Economic consultancy company Rhodium Group estimates the U.S. would reduce carbon emissions by 21% below 2005 levels in 2025 under the CPP but that the reduction would flatten at 14% under Trump’s rollback.
The Paris Agreement is intended to prevent the planet’s temperature from increasing by more than 3.6 degrees Fahrenheit, which many experts say would lead to an irreversible future of rising oceans and extreme weather, leading to drought, flooding, and food and water shortages.
Social Cost of Carbon
Trump’s order requires federal agencies to use “the best available science and economics” in their cost-benefit analyses of regulations. But it also disbands the Interagency Working Group on Social Cost of Greenhouse Gases, created by the Council of Economic Advisers and the Office of Management and Budget in 2009, and dismisses the group’s work products as “no longer representative of governmental policy.”
Instead, it orders that “when monetizing the value of changes in greenhouse gas emissions resulting from regulations,” agencies rely on a 2003 Bush-era finding by OMB.
“In sum, to make a calculation based on ‘the best available science,’ they’re reverting to 2003 data,” wrote astrophysicist turned science writer Ramin Skibba in Slate.
The working group’s current SCC price of $36/ton has been widely criticized as too low, with some scientists contending it should be as high as $220/ton.
The OMB circular that Trump’s executive order cites suggests using a 7% discount rate for valuing future impacts of carbon emissions, more than twice the Obama administration’s rate of 3%. The higher discount rate is likely to reduce the SCC further.

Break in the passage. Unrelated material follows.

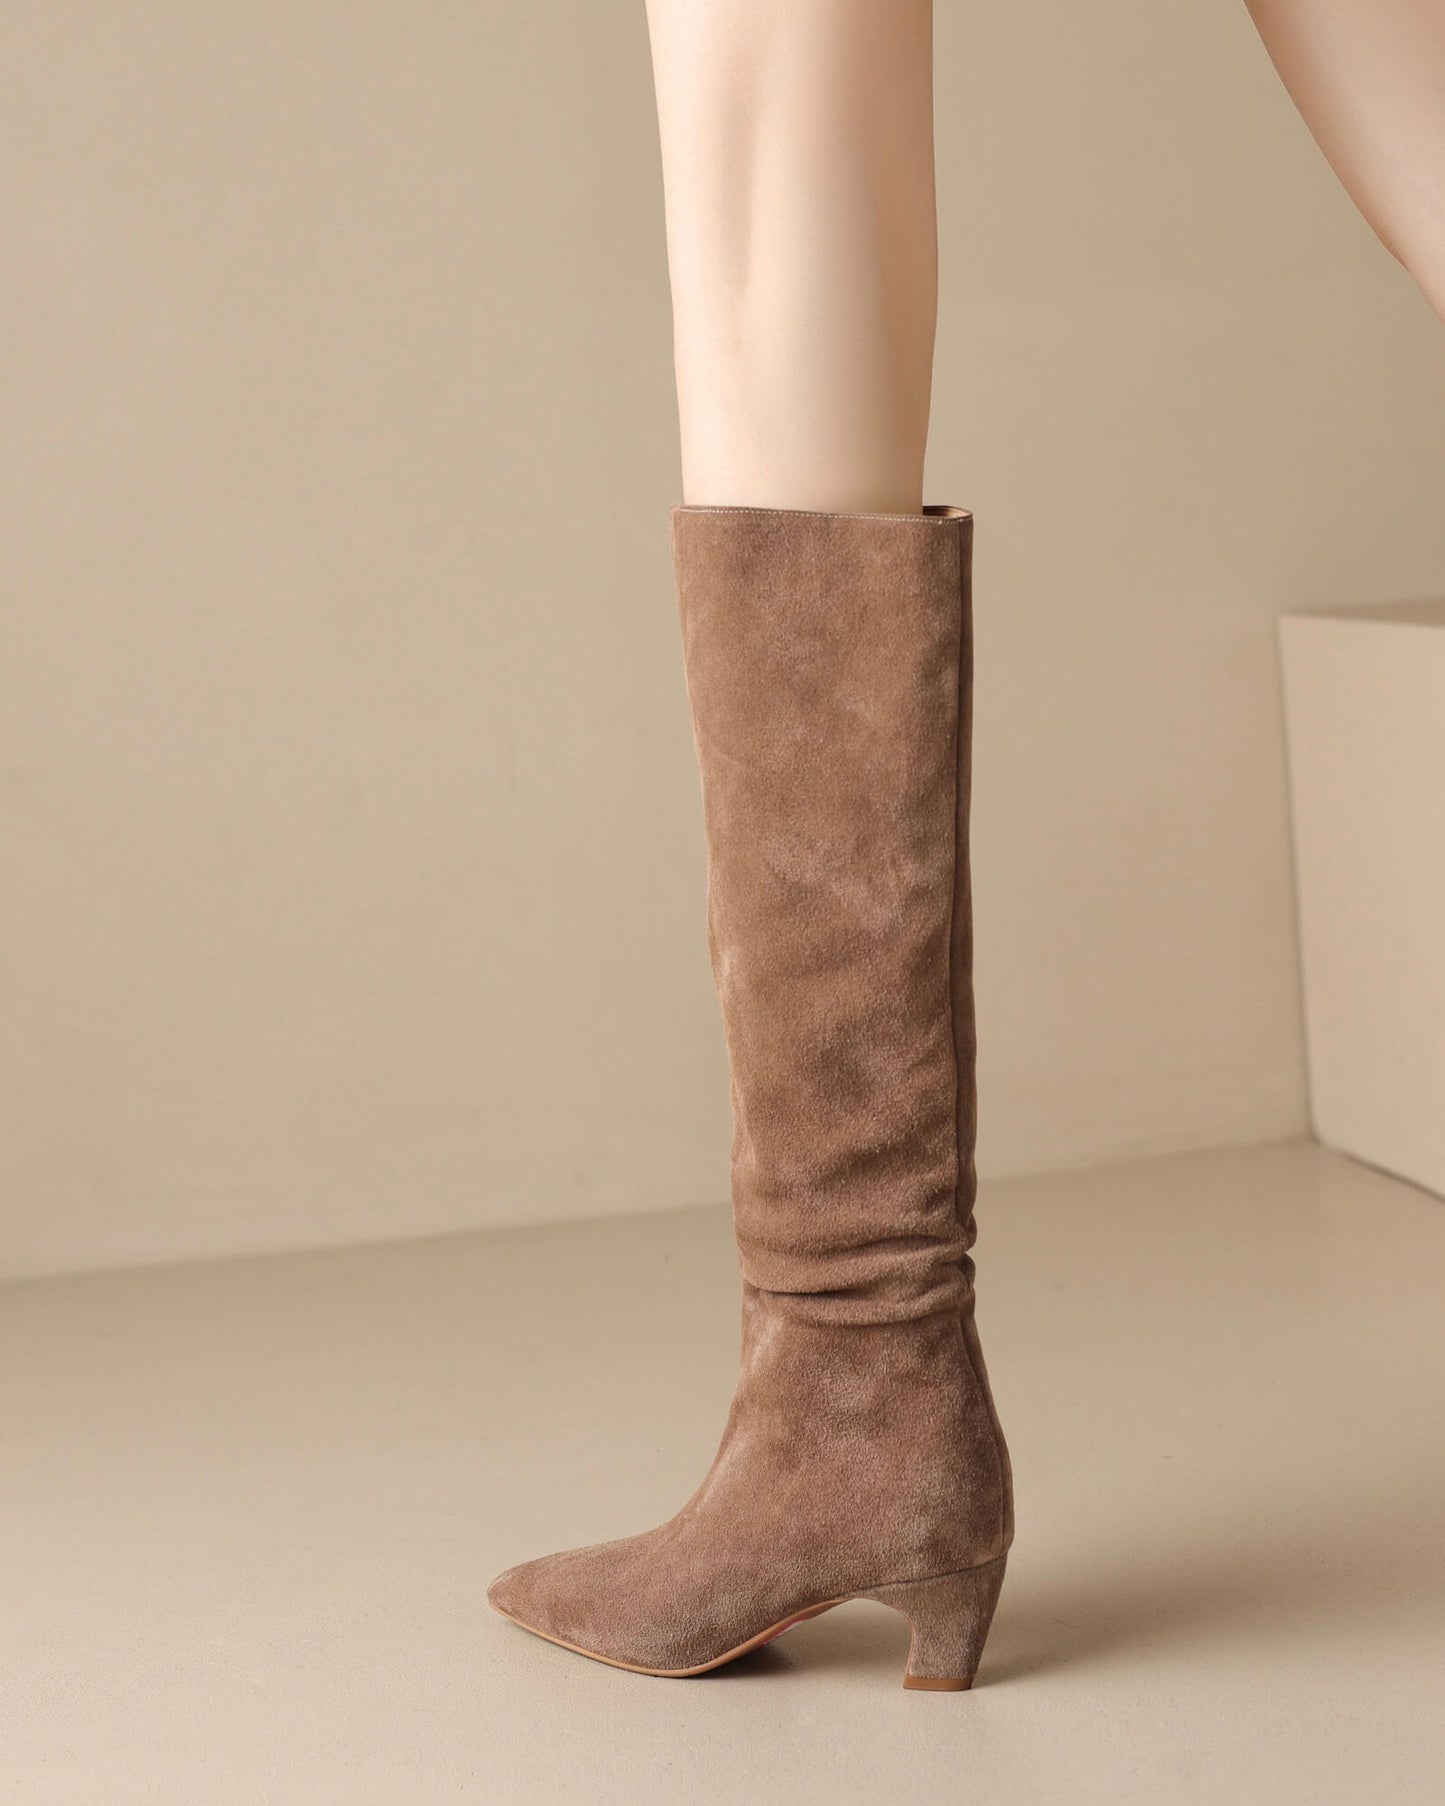 Miolo-suede-knee-high-boots-khaki-model-3

Trump’s “plan would return the calculation to its 2003 level — a time when regulators could get away with ignoring climate costs and the benefits to avoiding them because of how uncertain they were,” Skibba said. “The main effect will be on proposed policies; for example, the next time [Department of Transportation] or EPA officials evaluate the fuel economy standards of cars and trucks, they wouldn’t have to set such strict limits. Eventually there will be more heavily polluting vehicles on the road, less efficient appliances in the marketplace, etc.”